WHAT YOU SHOULD DO:
Please repeat the data exactly. Any picture in it stays out.

PROVIDED MATERIAL:

^^^^^^^^^^^^^^^^

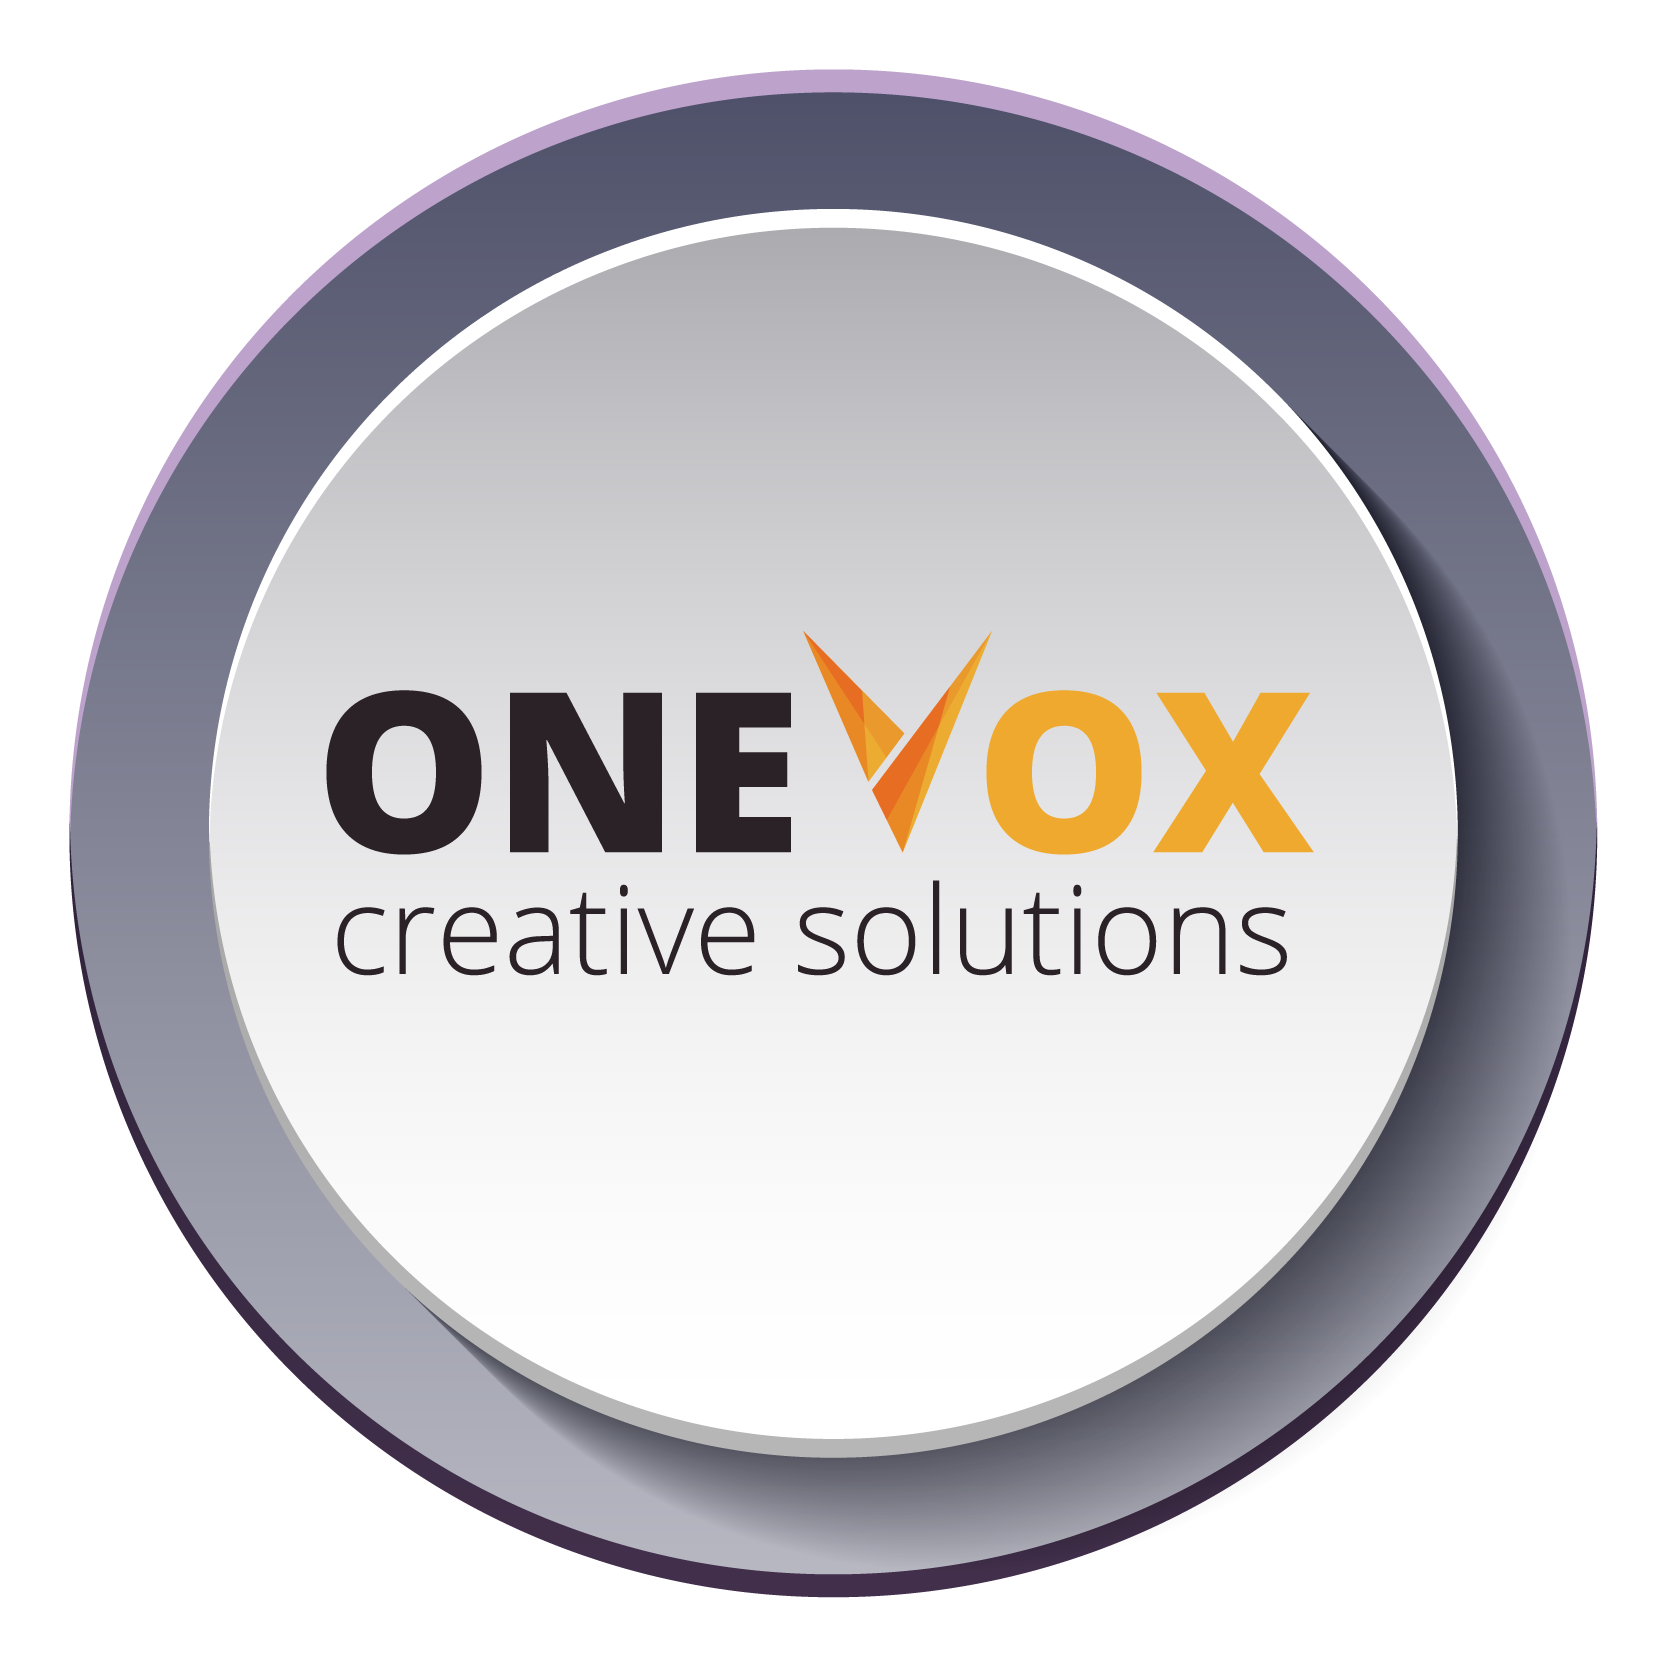 Onevox Press
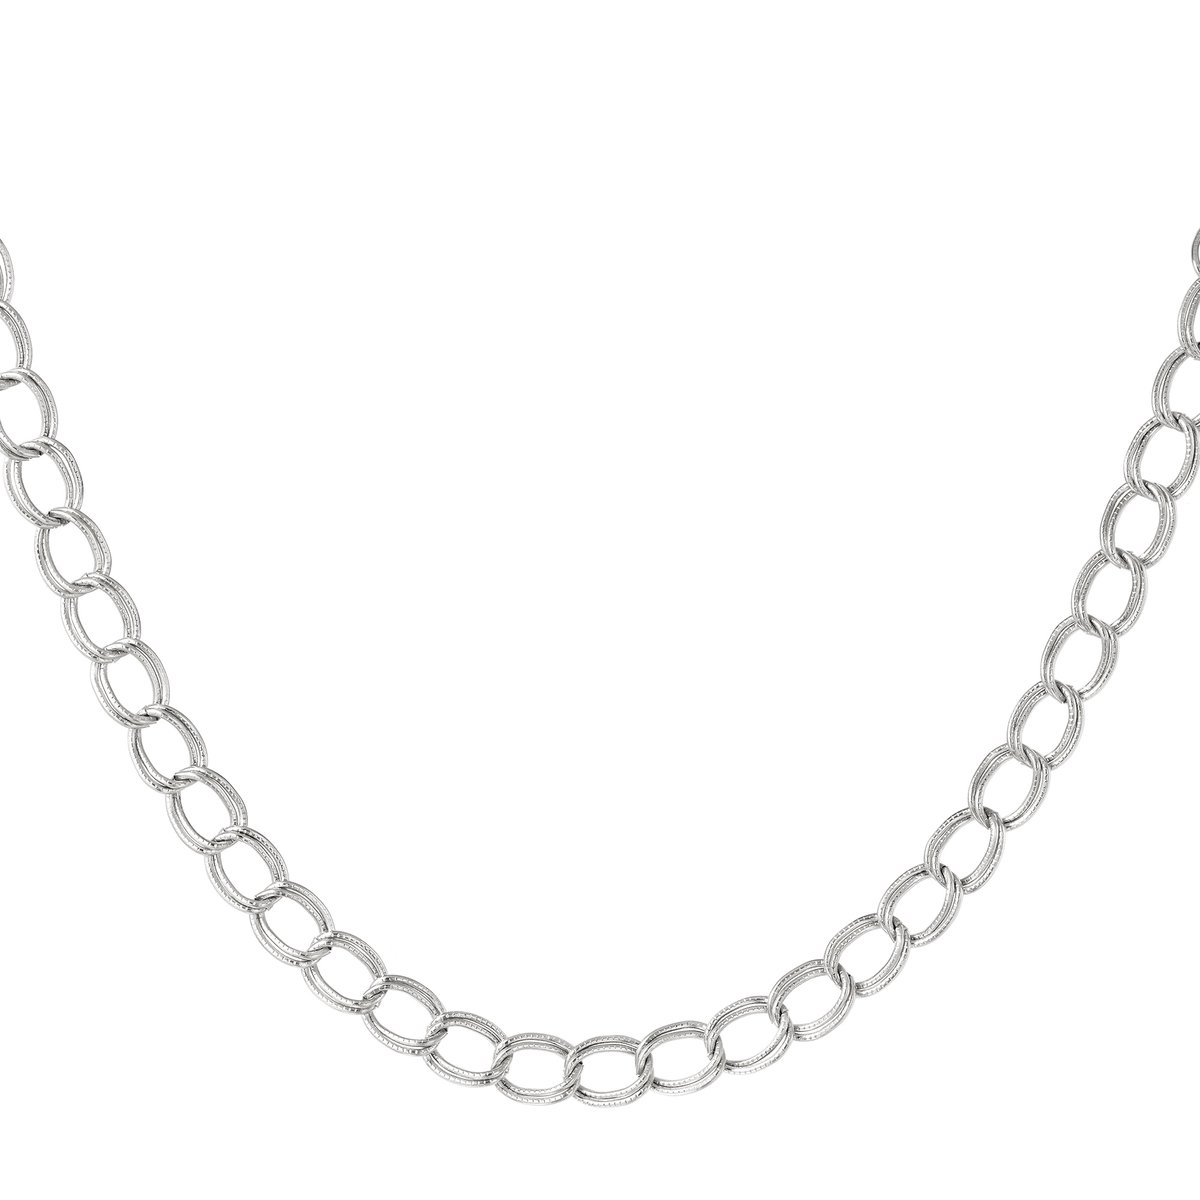 Stainless Steel Necklace - Yehwang - Schakelketting - 39 + 5 cm - Zilver
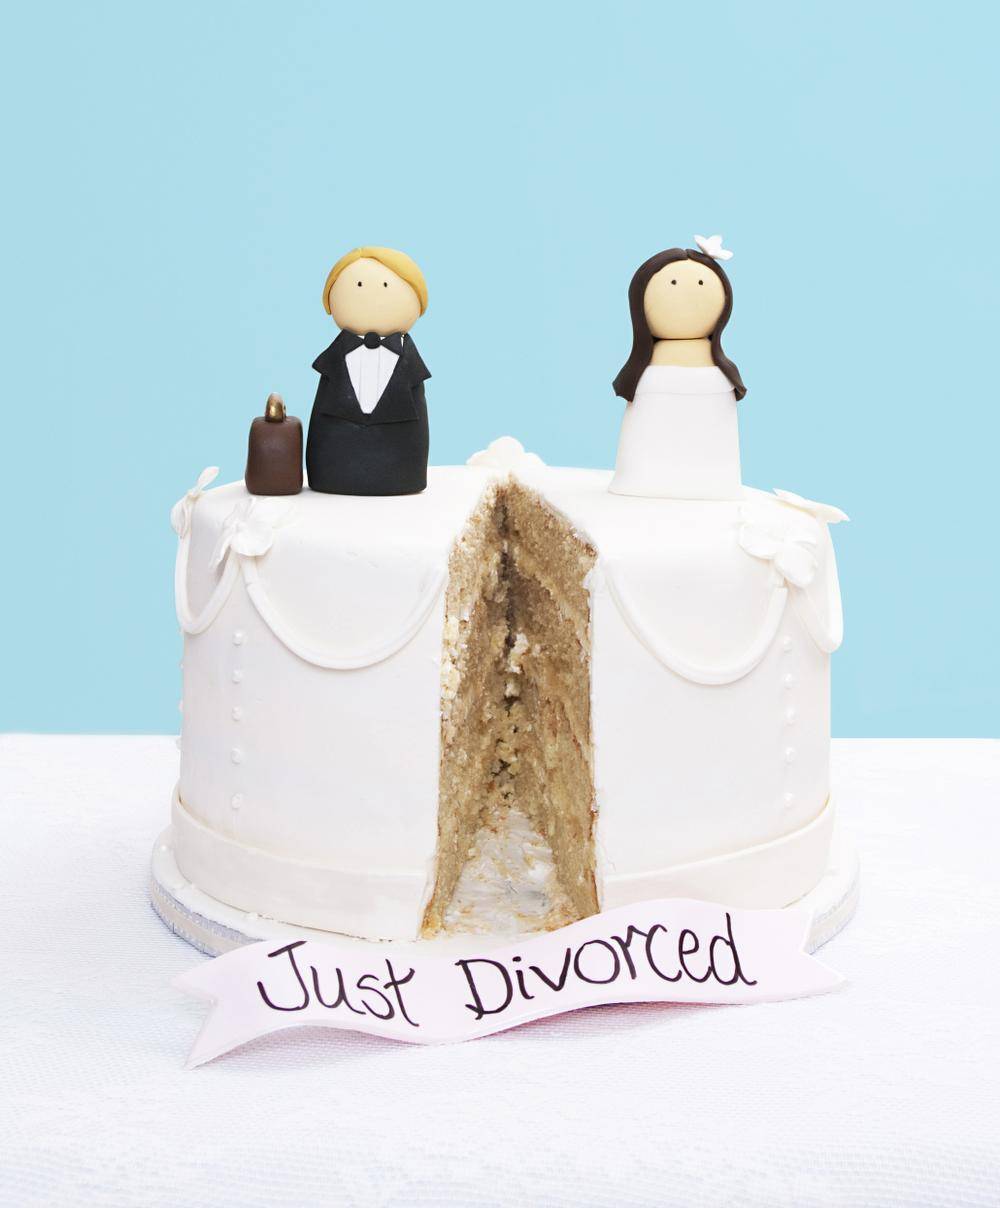 Your Wedding Dress After a Divorce - 10 Ideas 
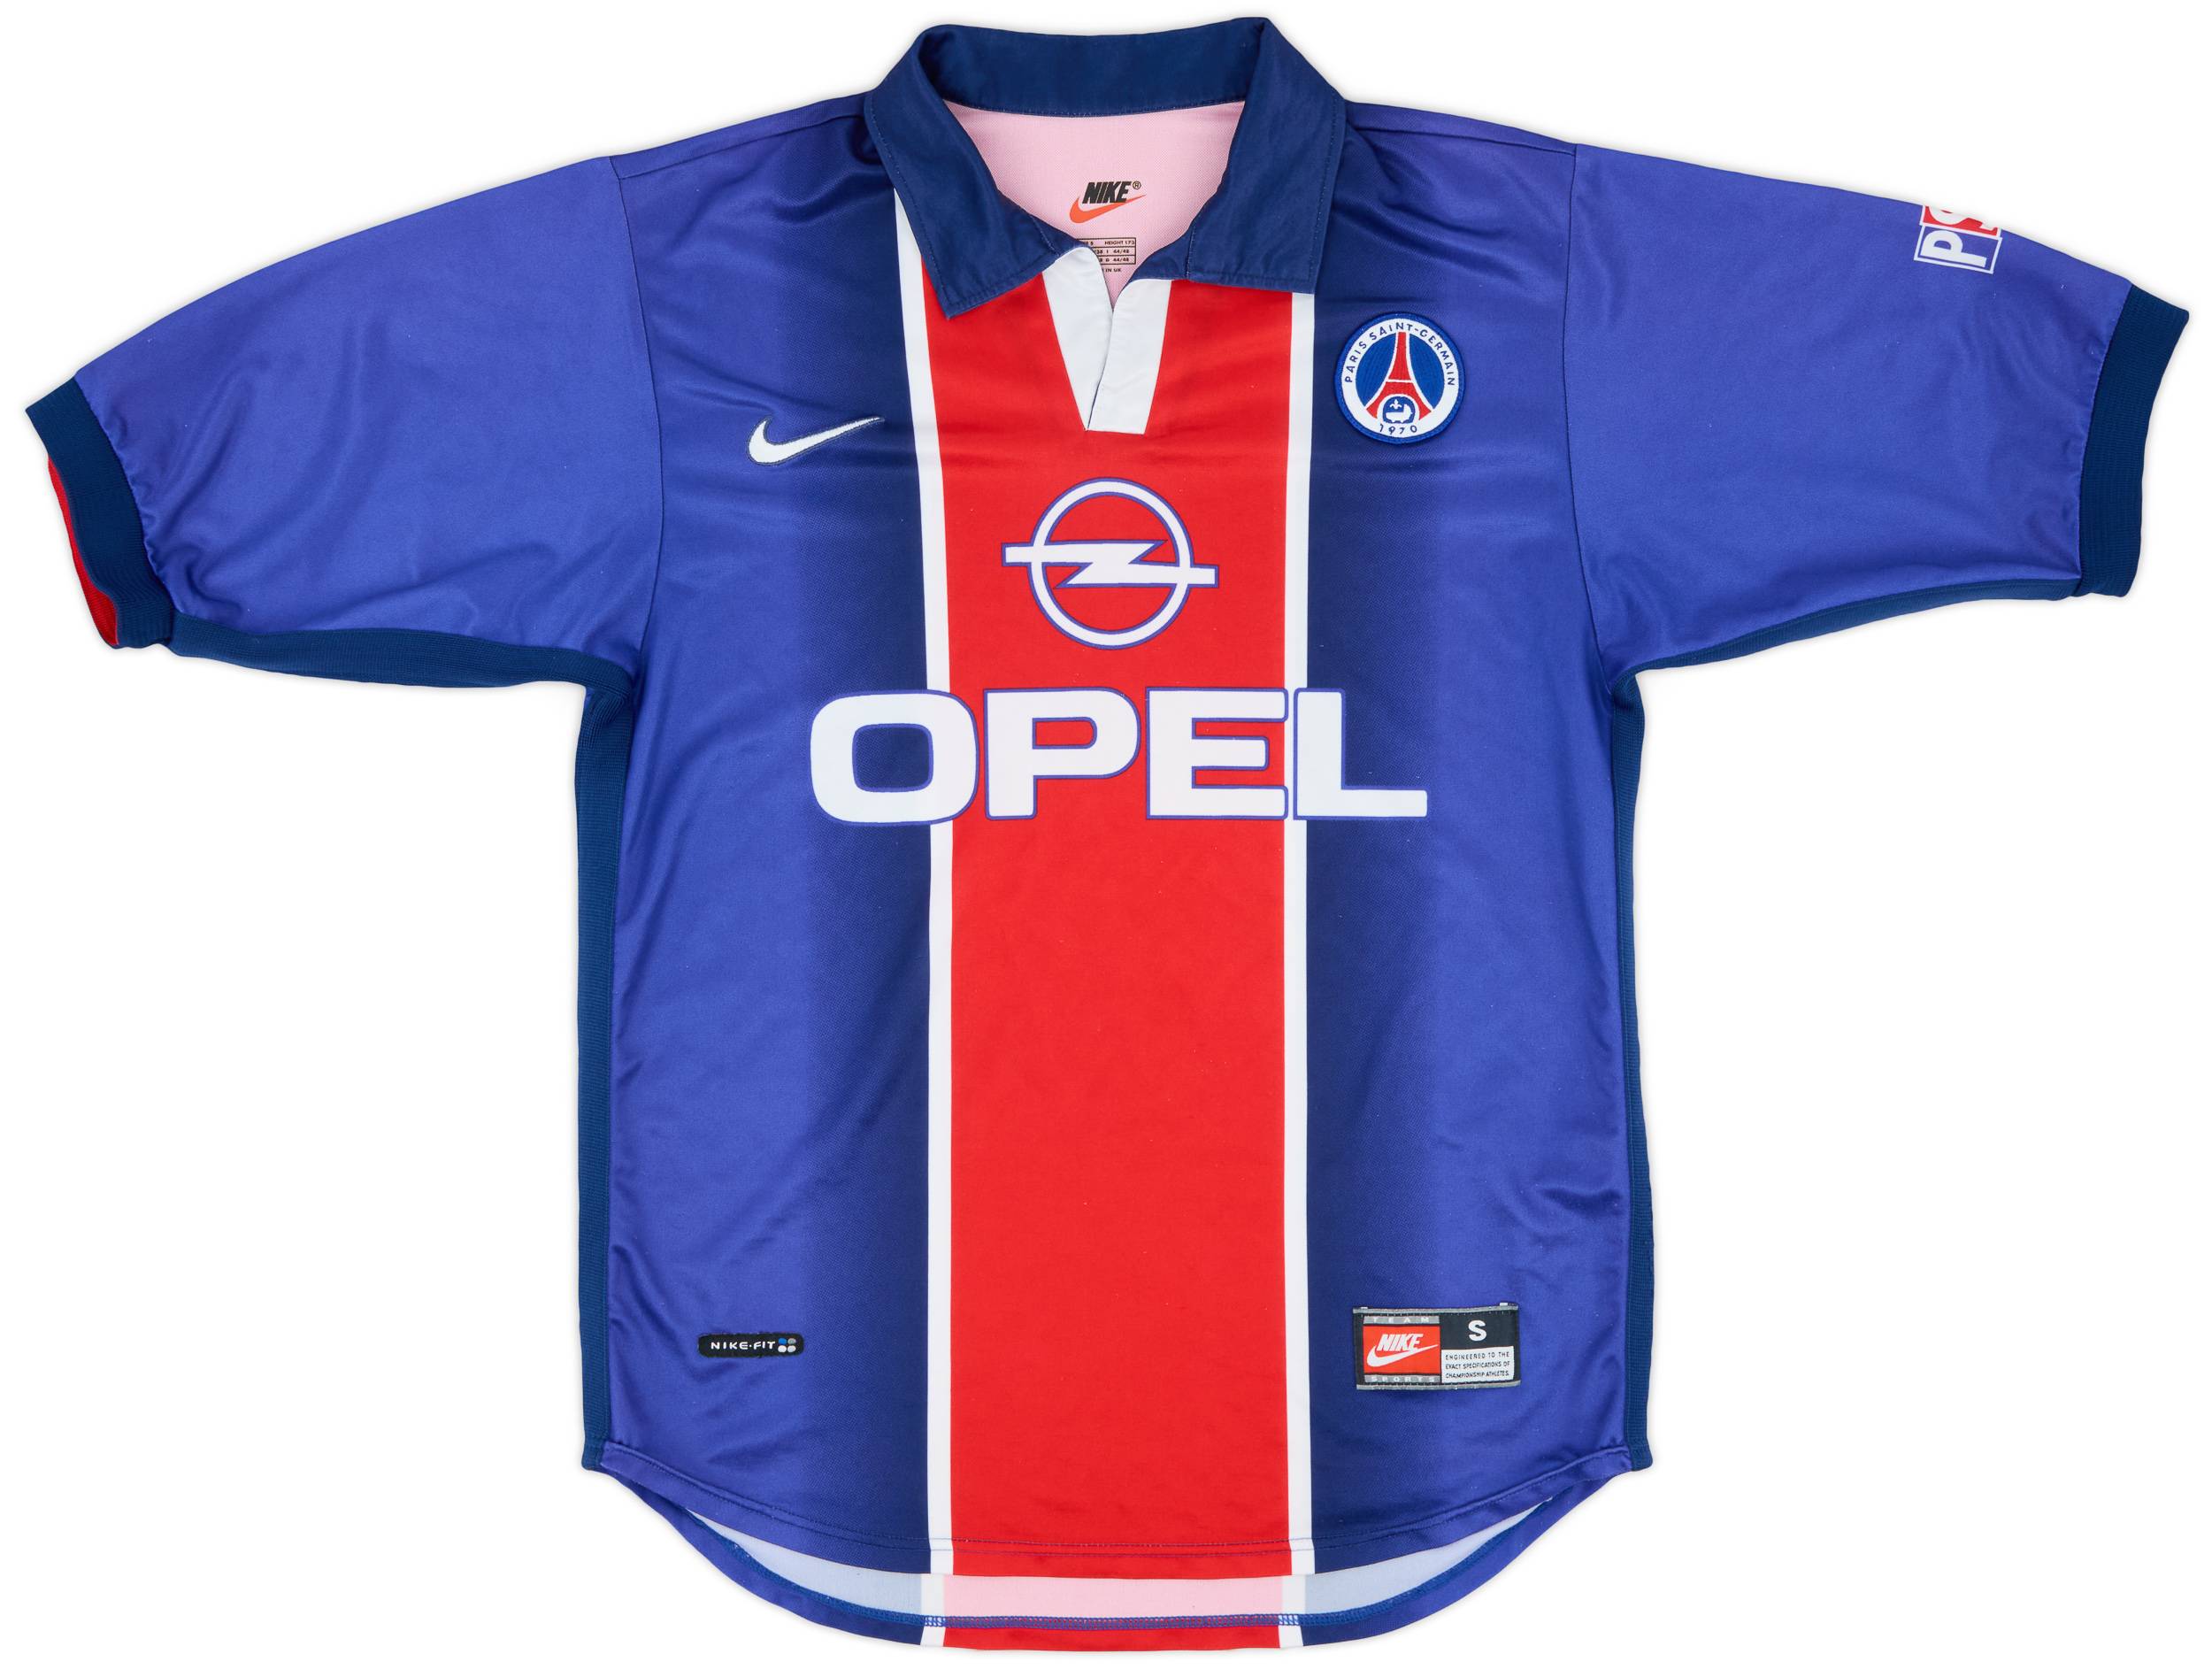 1998-99 Paris Saint-Germain Home Shirt - 8/10 - (S)

^^^^^^^^^^^^^^^^

TASK ANSWER:
 Onevox Press
 Stainless Steel Necklace - Yehwang - Schakelketting - 39 + 5 cm - Zilver
 Your Wedding Dress After a Divorce - 10 Ideas 
 1998-99 Paris Saint-Germain Home Shirt - 8/10 - (S)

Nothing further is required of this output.